Google’s Gemini models represent a powerful leap forward in multimodal AI, particularly in their ability to process and transcribe audio content with remarkable accuracy. However, even advanced models require robust monitoring and evaluation frameworks to ensure consistent quality in production environments.
This is where Arize’s tracing and evaluation capabilities become invaluable. By combining Gemini’s audio transcription prowess with Arize AX’s OpenTelemetry-based tracing infrastructure and the Phoenix evaluation framework, developers can gain unprecedented visibility into their audio processing pipelines.

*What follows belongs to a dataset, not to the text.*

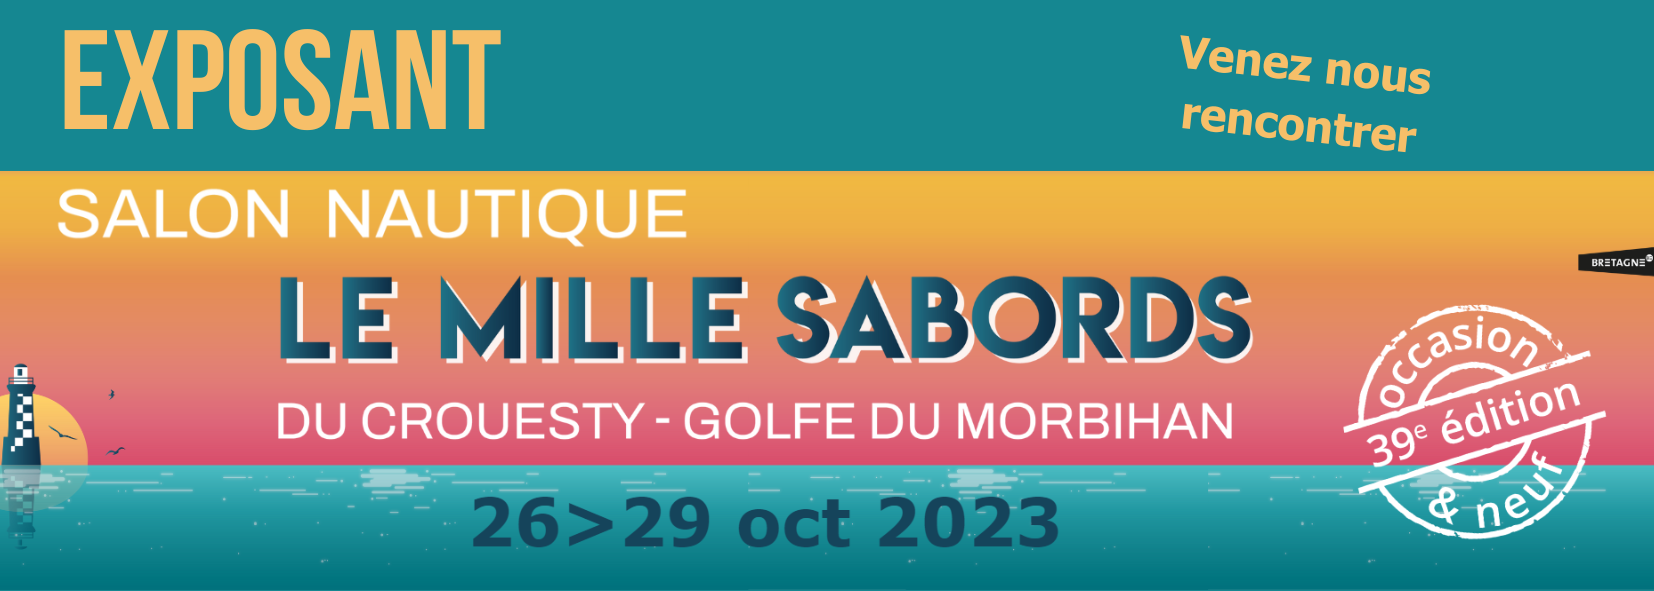 Le Mille Sabords annonce ses dates : du 26 au 29 octobre 2023

This blog walks through implementing a complete workflow that not only generates high-quality transcriptions, but also traces each step of the process and evaluates Gemini’s transcription outputs for sentiment analysis, allowing teams to identify issues, measure quality, and continuously improve their audio-based AI applications.
Let’s jump in!
Setting Up Your Environment
The rest of this blog is based on the accompanying tutorial notebook.
Before diving into audio processing with Gemini and tracing with Arize, we need to set up our environment with the necessary dependencies and API configurations. This section will guide you through the installation process and credential setup.
Get Started with Arize AX and Google Cloud
- Sign up for a free Arize AX account and access space, api and developer keys.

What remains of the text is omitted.